Uninformed or partisan statements have given a distorted image of India as a place of downtrodden humanity. As a matter of fact, India has been ahead in the world in many of the basic freedoms. There is complete religious liberty in India, and has been, by decree, since 1833. Only practices menacing human life, such as “thuggee” (a murder cult) and “suttee” (widow burning) have been suppressed by law. Women have the franchise in all of British India, and there are women members in all the legislatures. One, a sister of Nehru, has been a cabinet minister; another is a member of the national defence council.

It is important to Canadians to know the truth about India, because three out of four British or British-protected subjects are Indians; one of every five persons in the world is an Indian. Indian troops have fought alongside Canadian troops, and after the war Canadian-Indian trade will have increased significance. India’s industrial production and potential development have assumed urgent meaning, and Canada cannot ignore a sister nation of 400 million people who are determined to raise themselves by industrialization from their backward pastoral condition.
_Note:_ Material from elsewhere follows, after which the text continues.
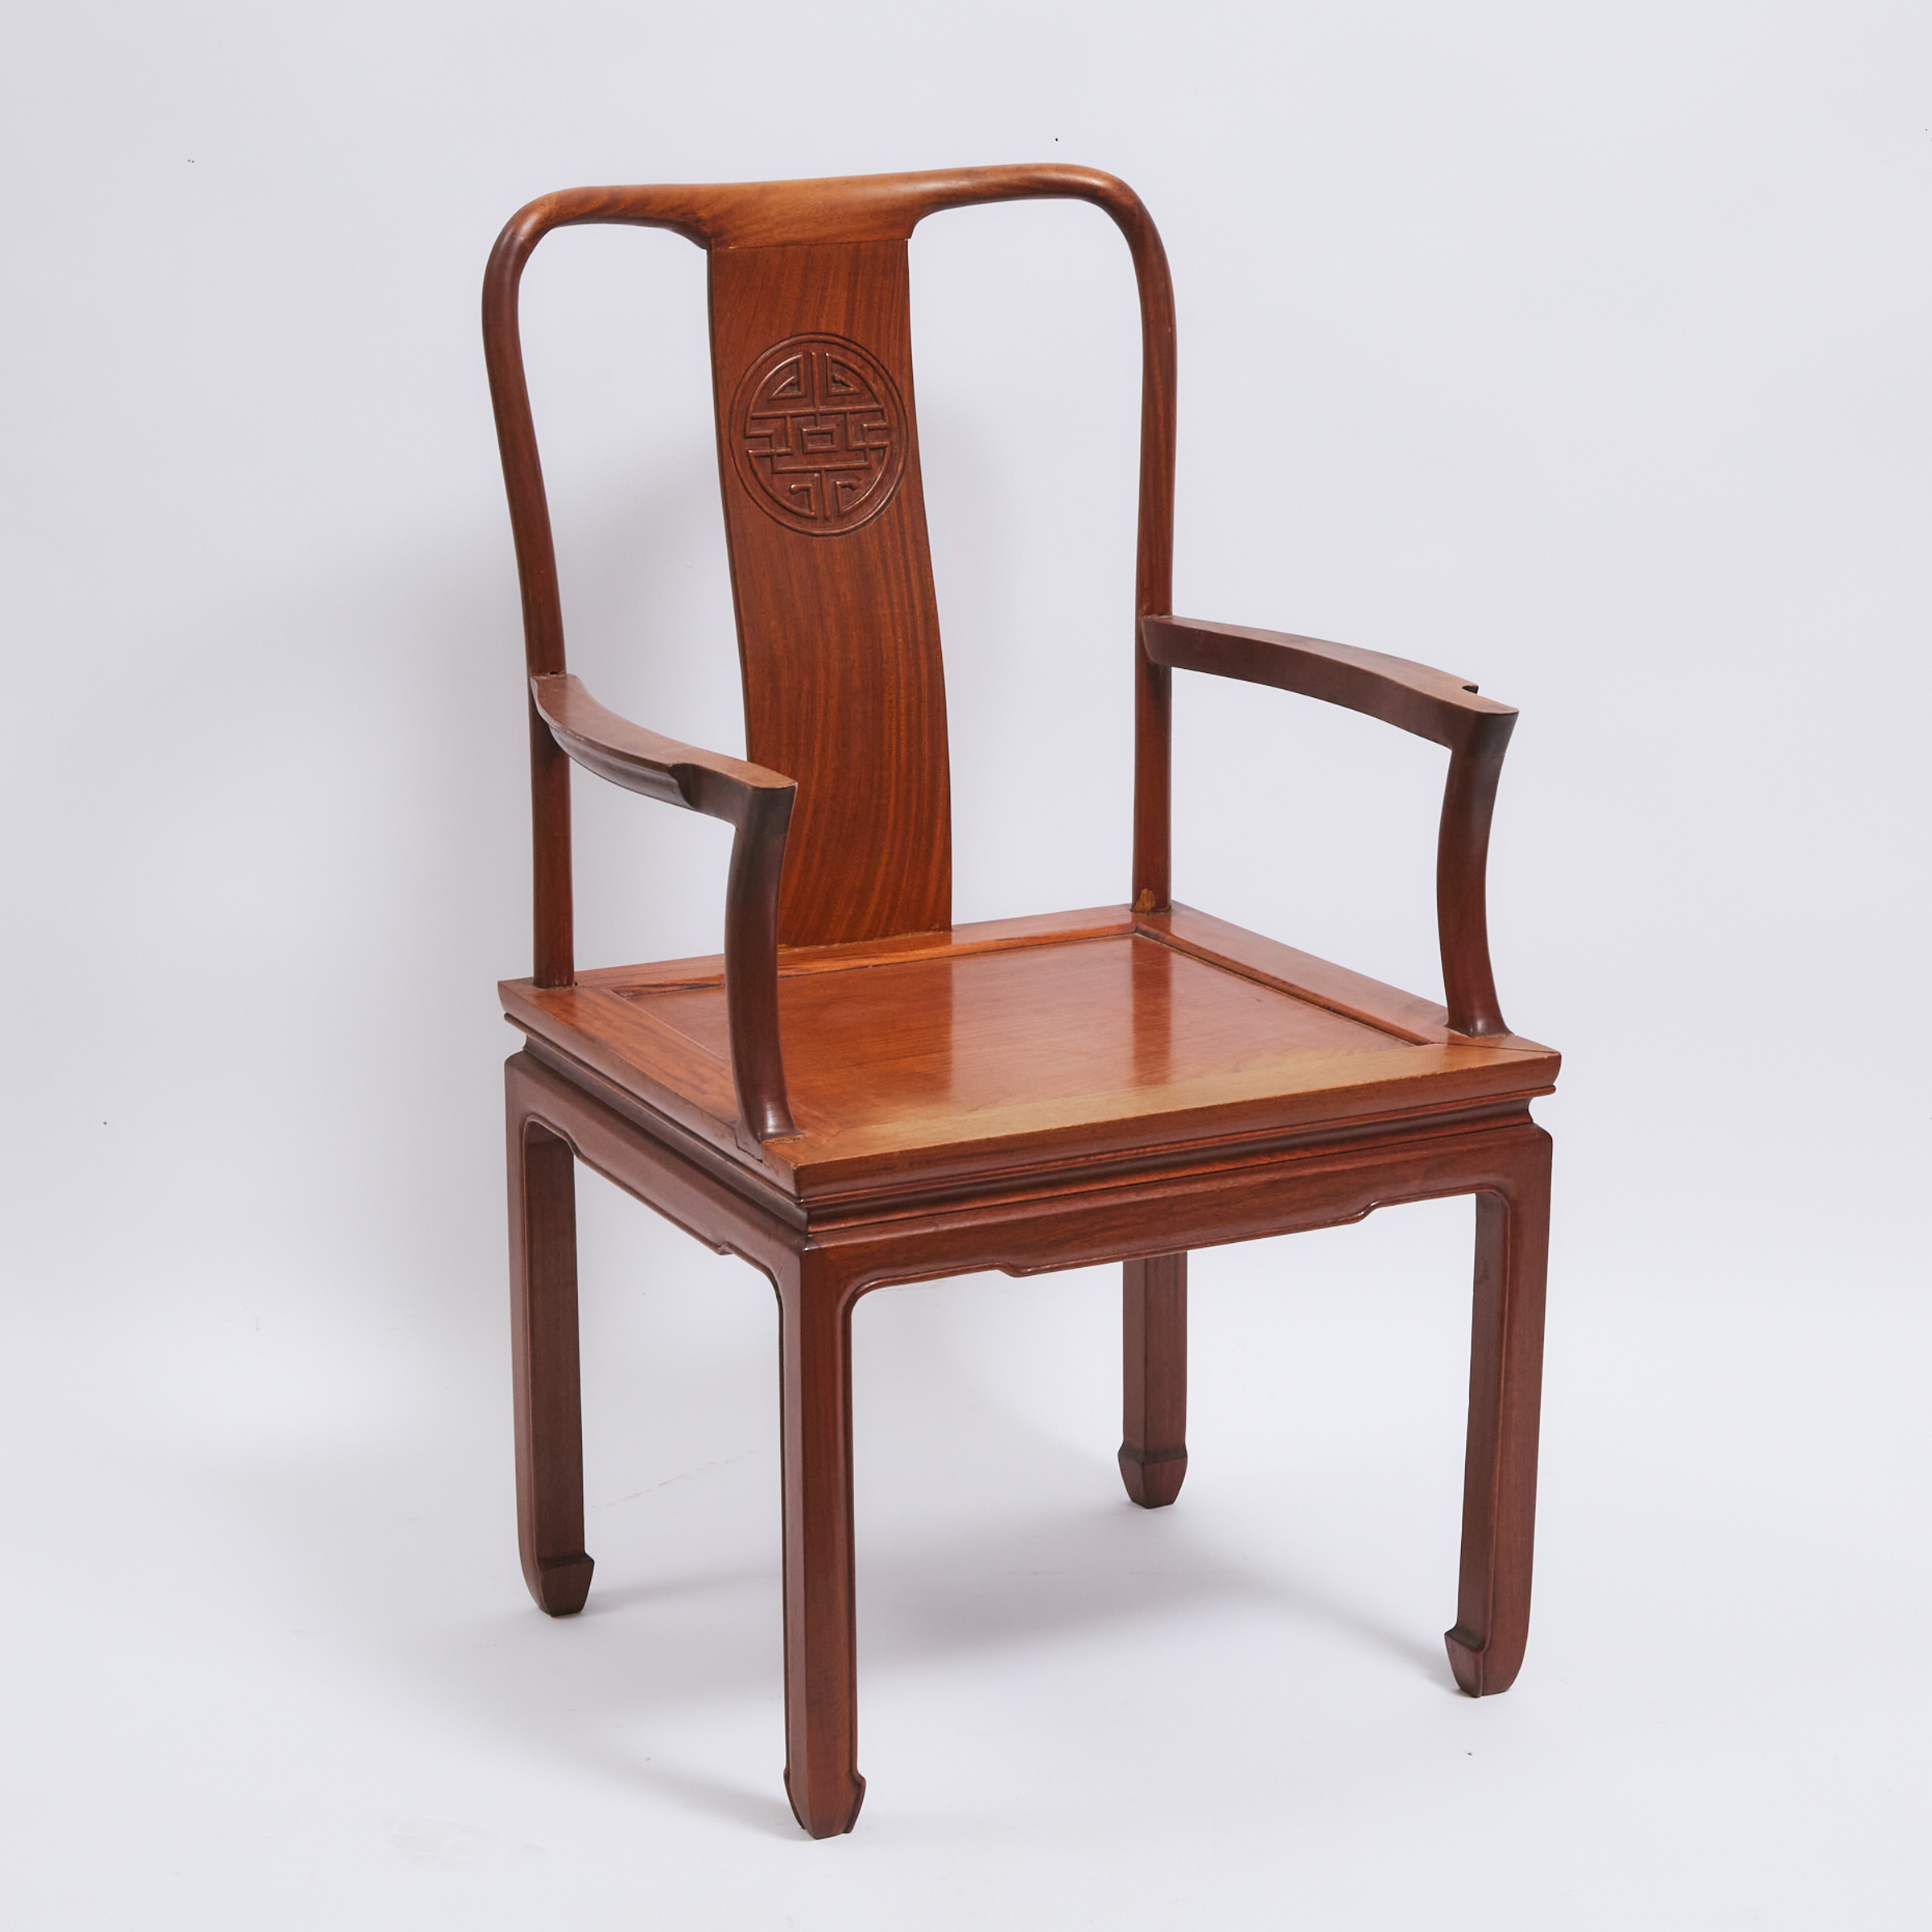 A Chinese Ming Style Hardwood Chair  3ab93c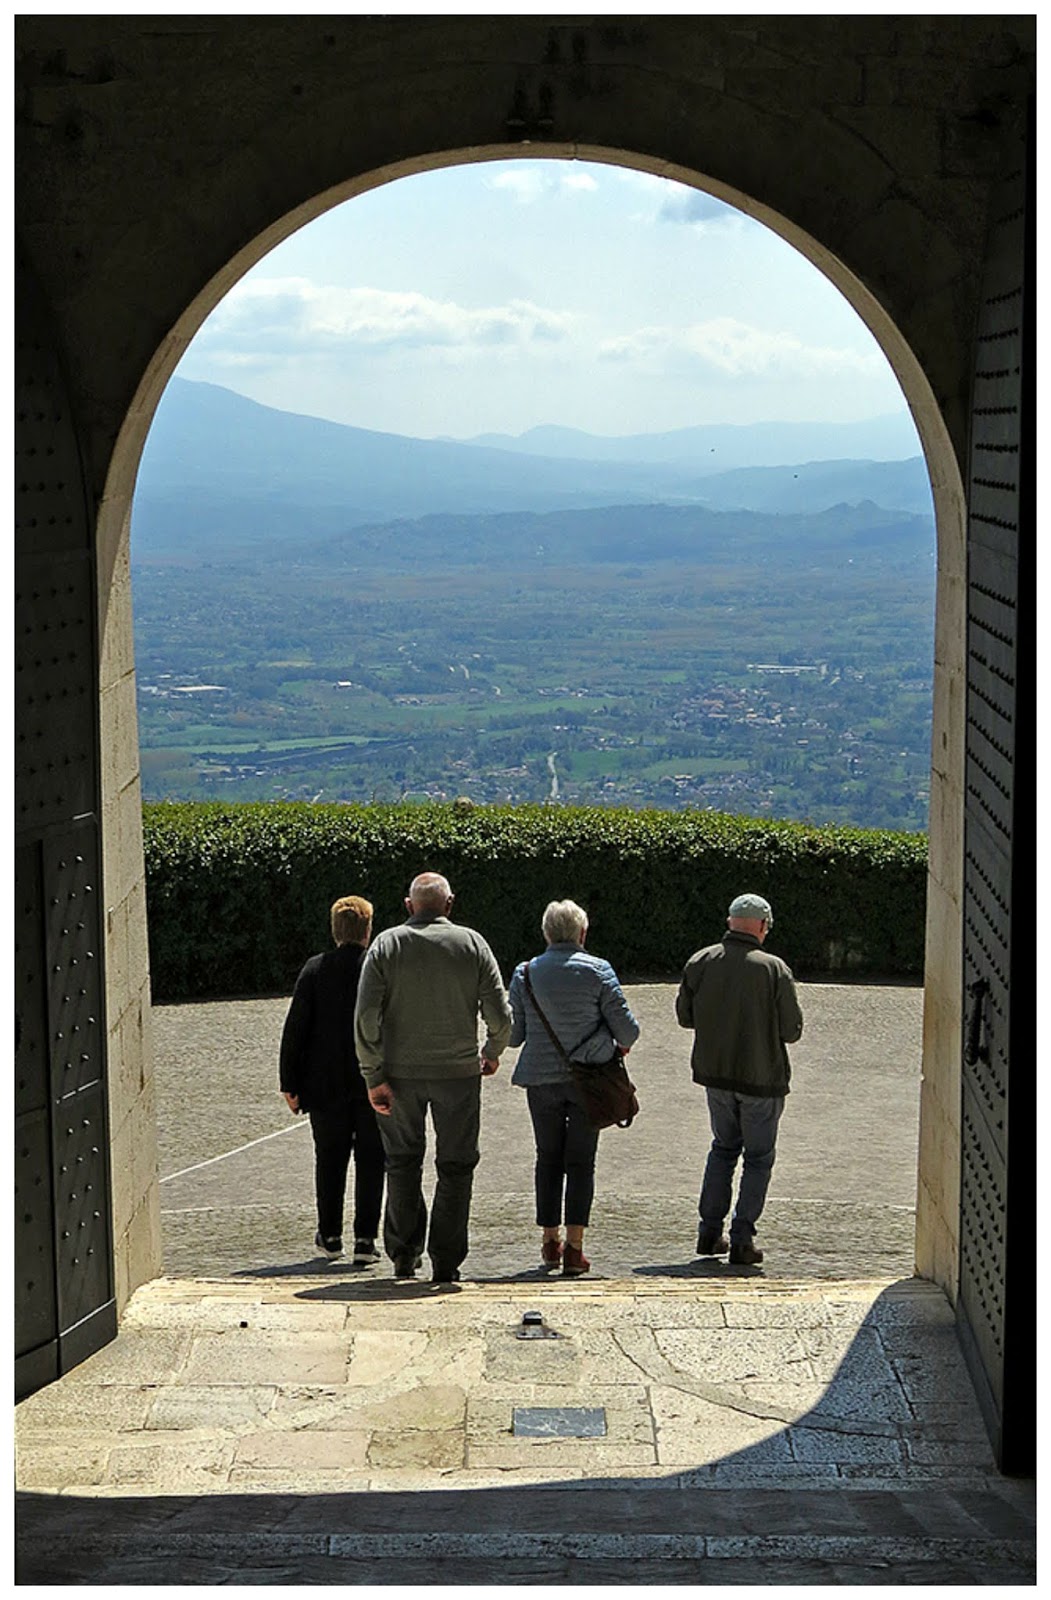 In Soul Grand Tour of Italy Montecassino pic

Canada’s useful area is about the same as the area of India, but India’s population is 33 times as big as Canada’s. The total British population of India was 117,600 in 1931, and British civilians there do not exceed 50,000 today.

As early as the end of the 19th century British enterprise had given India far and away the greatest system of irrigation in the world. Today, more than 54 million acres of British India are watered by government works, and arid wilderness, growing only desert shrubs and inhabited by a few primitive nomads, has been transformed into fertile farm lands.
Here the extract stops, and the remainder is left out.